OmniGen
Project description
OmniGen: Unified Image Generation
News | Methodology | Quick Start | Gradio Demo | Finetune | License | Citation
1. Overview
OmniGen is a unified image generation model that can generate a wide range of images from multi-modal prompts. It is designed to be simple, flexible and easy to use. We provide inference code so that everyone can explore more functionalities of OmniGen.
In fact, existing image generation models often require loading several additional network modules (such as ControlNet, IP-Adapter, Reference-Net, etc.) and performing extra preprocessing steps (e.g., face detection, pose estimation, cropping, etc.) to generate a satisfactory image. However, we believe that the future image generation paradigm should be more compact, simple, and flexible, that is, generating various images directly through arbitrarily interleaved multi-modal instructions without the need and cost for additional plugins and operations.

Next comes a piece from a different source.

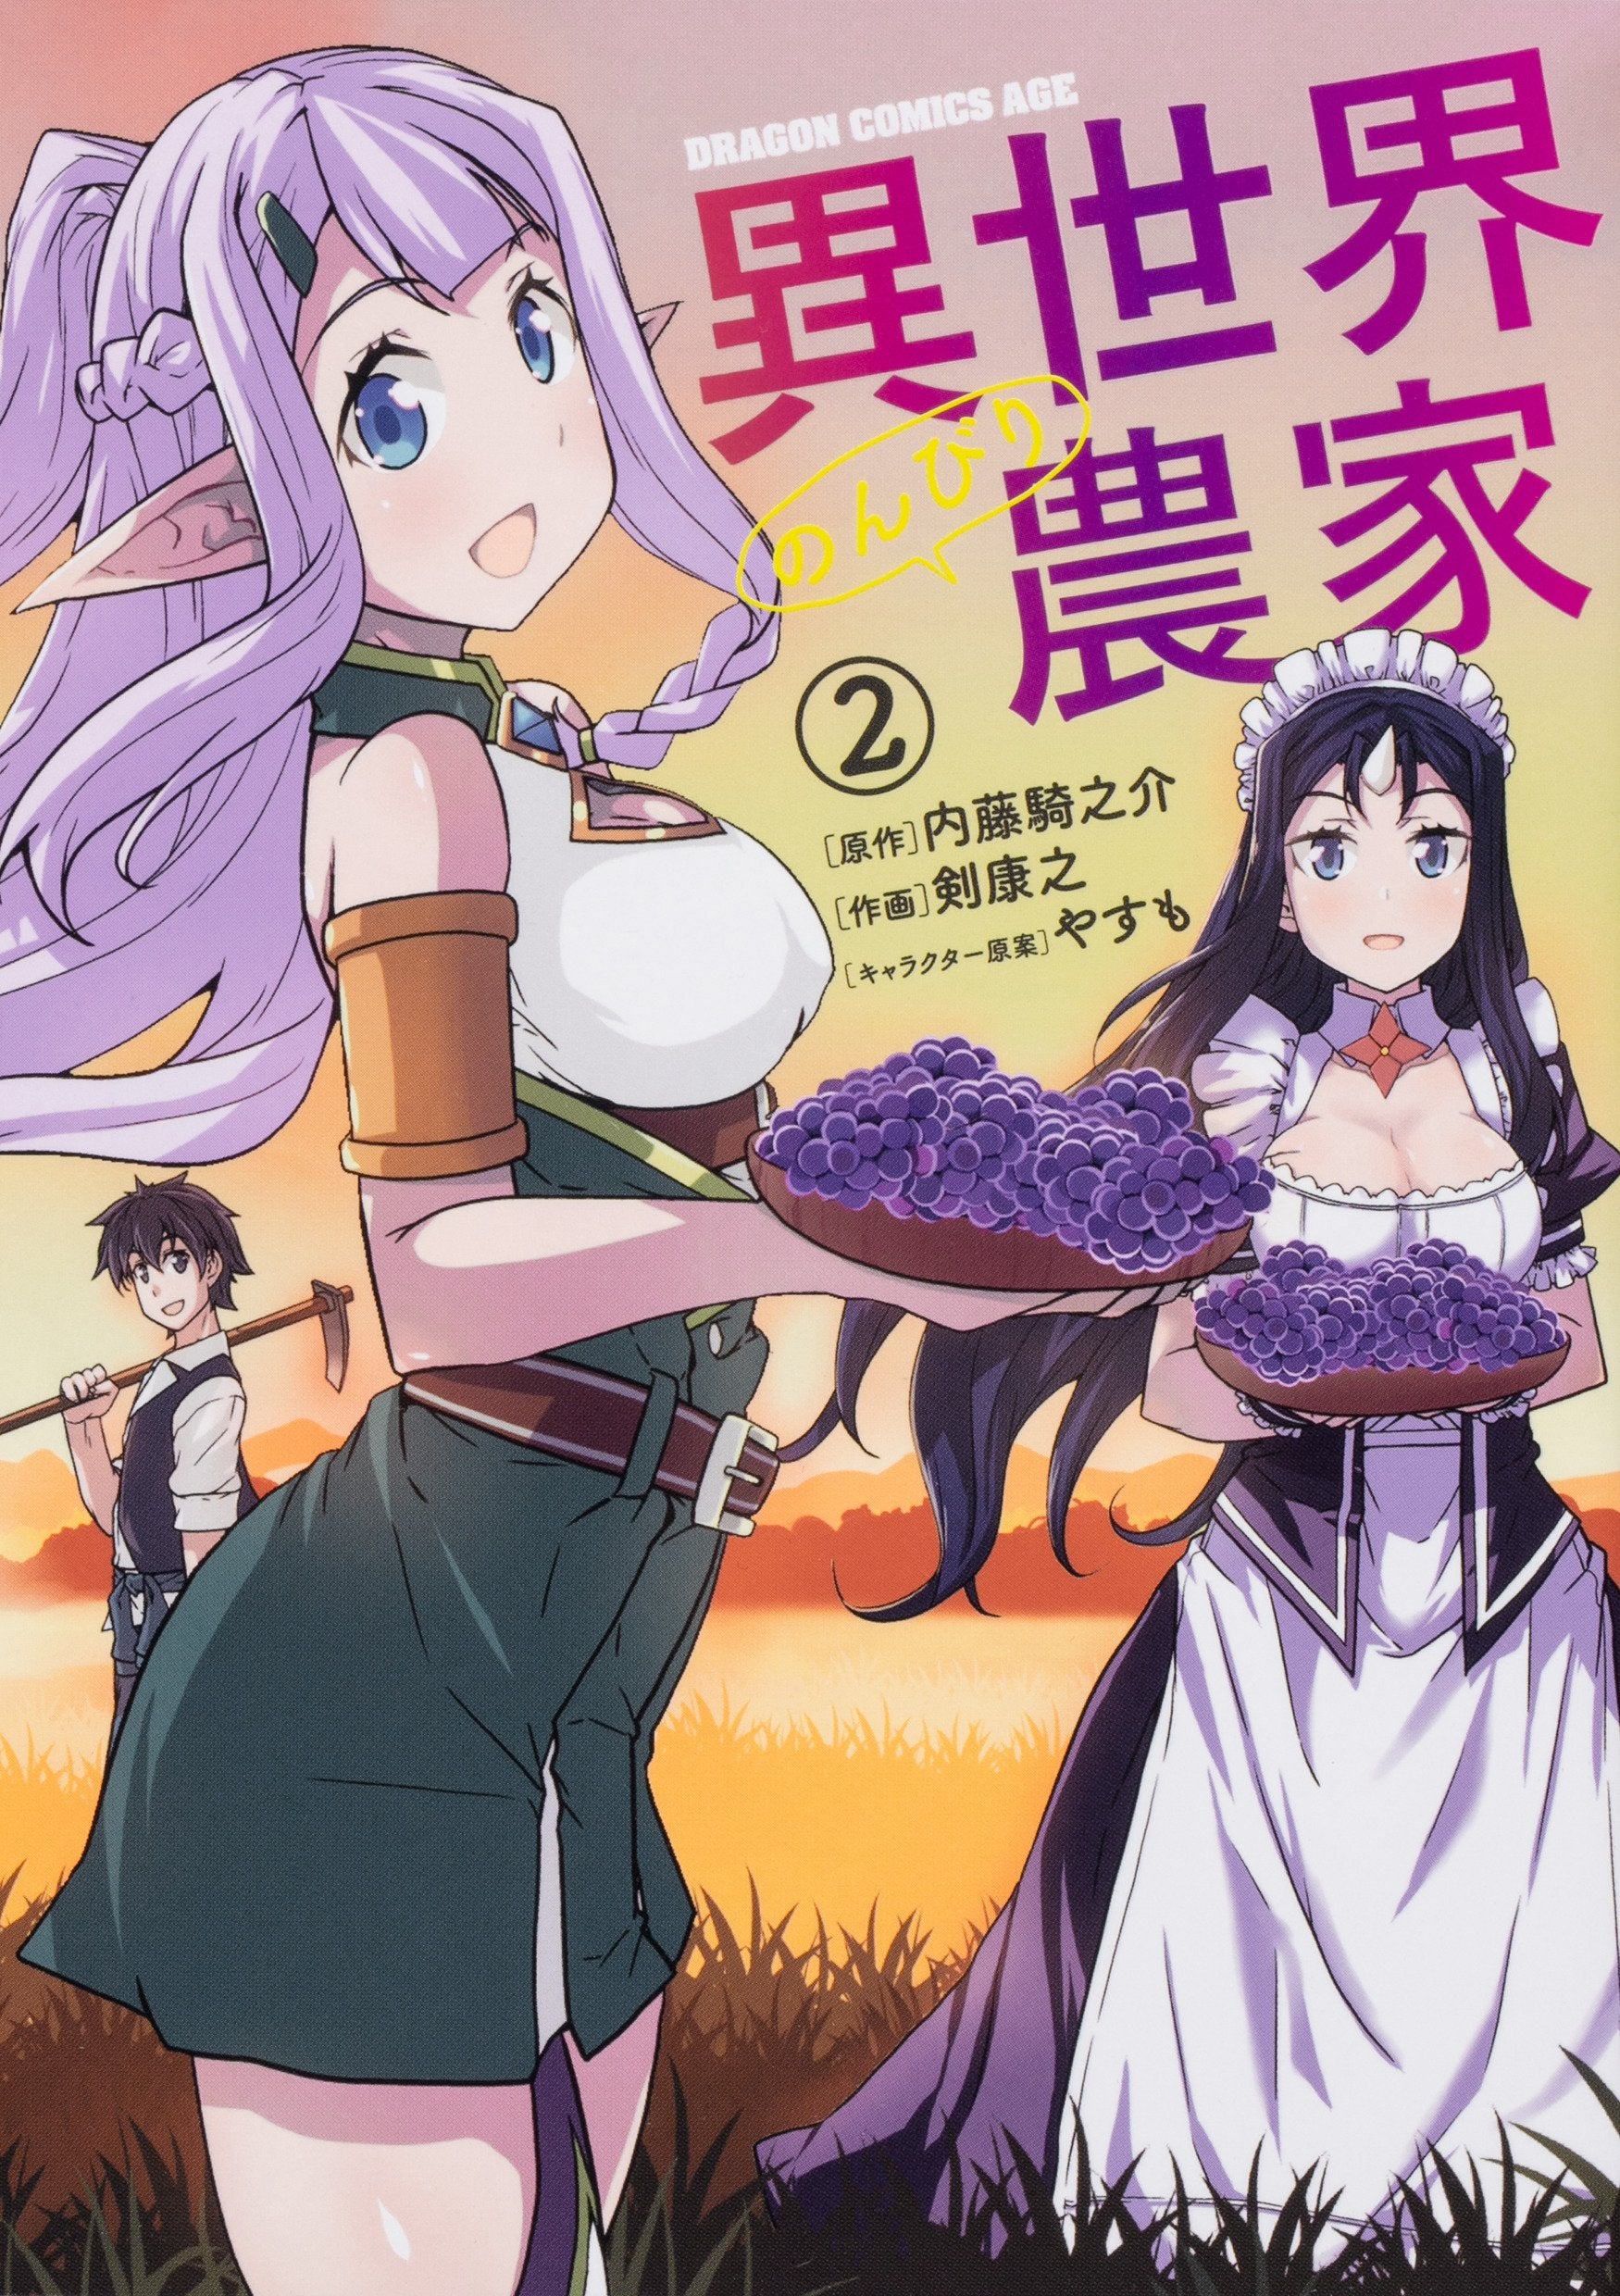 Comic: Farming Life in Another World 3 (Japan(Isekai nonbiri nouka - dragon  comics age (INN)) Col:JP-INN-03

Due to the limited resources, as a fundamental and beneficial exploration and demonstration, OmniGen still has huge room for improvement. We will continue to optimize it. You can also easily fine-tune OmniGen without worrying about designing networks for specific tasks; you just need to prepare the corresponding data, and then run the script. Imagination is no longer limited; everyone can construct any image generation task, and perhaps we can achieve very interesting, wonderful and creative things.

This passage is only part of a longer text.